Johanna Rausch scite author profile

The interaction of Menin (MEN1) and MLL (MLL1, KMT2A) is a dependency and potential therapeutic opportunity against NPM1-mutant (NPM1mut) and MLL-rearranged (MLL-r) leukemias. Concomitant activating driver mutations in the gene encoding the tyrosine kinase FLT3 occur in both leukemias and are particularly common in the NPM1mut subtype. Transcriptional profiling upon pharmacological inhibition of the Menin-MLL complex revealed specific changes in gene expression with downregulation of the MEIS1 transcription-factor and its transcriptional target gene FLT3 being most pronounced. Combining Menin-MLL-inhibition with specific small-molecule kinase inhibitors of FLT3-phosphorylation resulted in a significantly superior reduction of phosphorylated FLT3 and transcriptional suppression of genes downstream to FLT3 signaling.
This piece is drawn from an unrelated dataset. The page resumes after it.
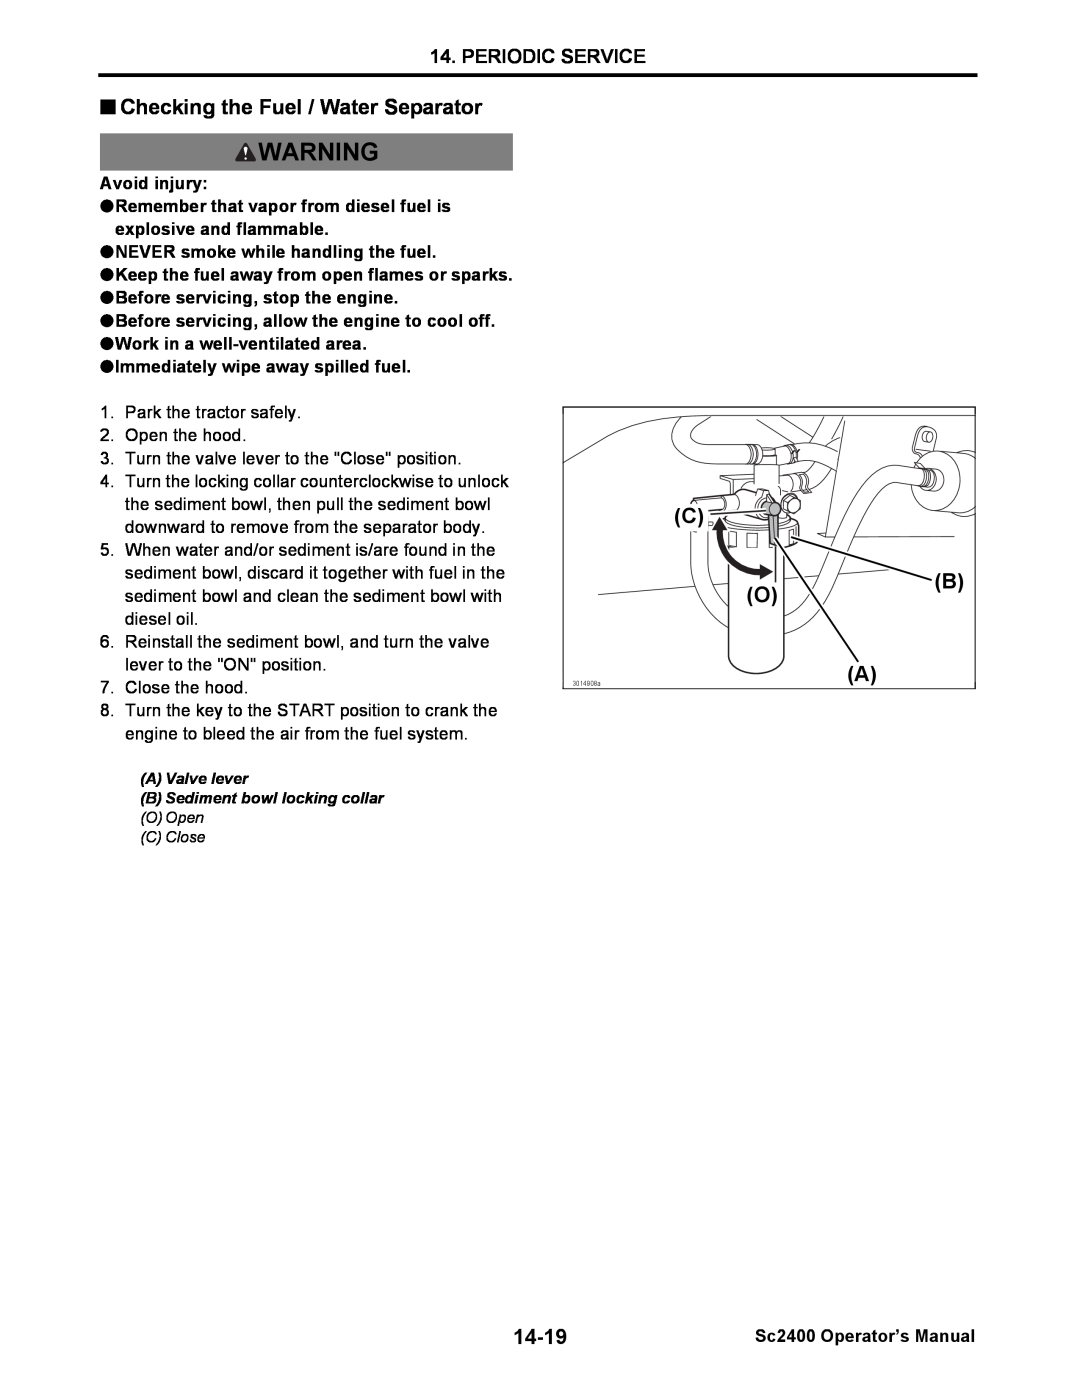 Cub Cadet SC2400 Periodic Service, 14-19, Avoid injury, NEVER smoke while handling the fuel, Sc2400 Operator’s Manual

The drug combination induced synergistic inhibition of proliferation as well as enhanced apoptosis and differentiation compared to single-drug treatment in models of human and murine NPM1mut and MLL-r leukemias harboring an FLT3 mutation. Primary AML cells harvested from patients with NPM1mutFLT3mut AML showed significantly better responses to combined Menin and FLT3-inhibition than to single-drug or vehicle control treatment, while AML cells with wildtype NPM1, MLL, and FLT3 were not affected by any of the two drugs. In vivo treatment of leukemic animals with MLL-r FLT3mut leukemia reduced leukemia burden significantly and prolonged survival compared to the single-drug and vehicle control groups. Our data suggest that combined Menin-MLL and FLT3-inhibition represents a novel and promising therapeutic strategy for patients with NPM1mut or MLL-r leukemia and concurrent FLT3 mutation.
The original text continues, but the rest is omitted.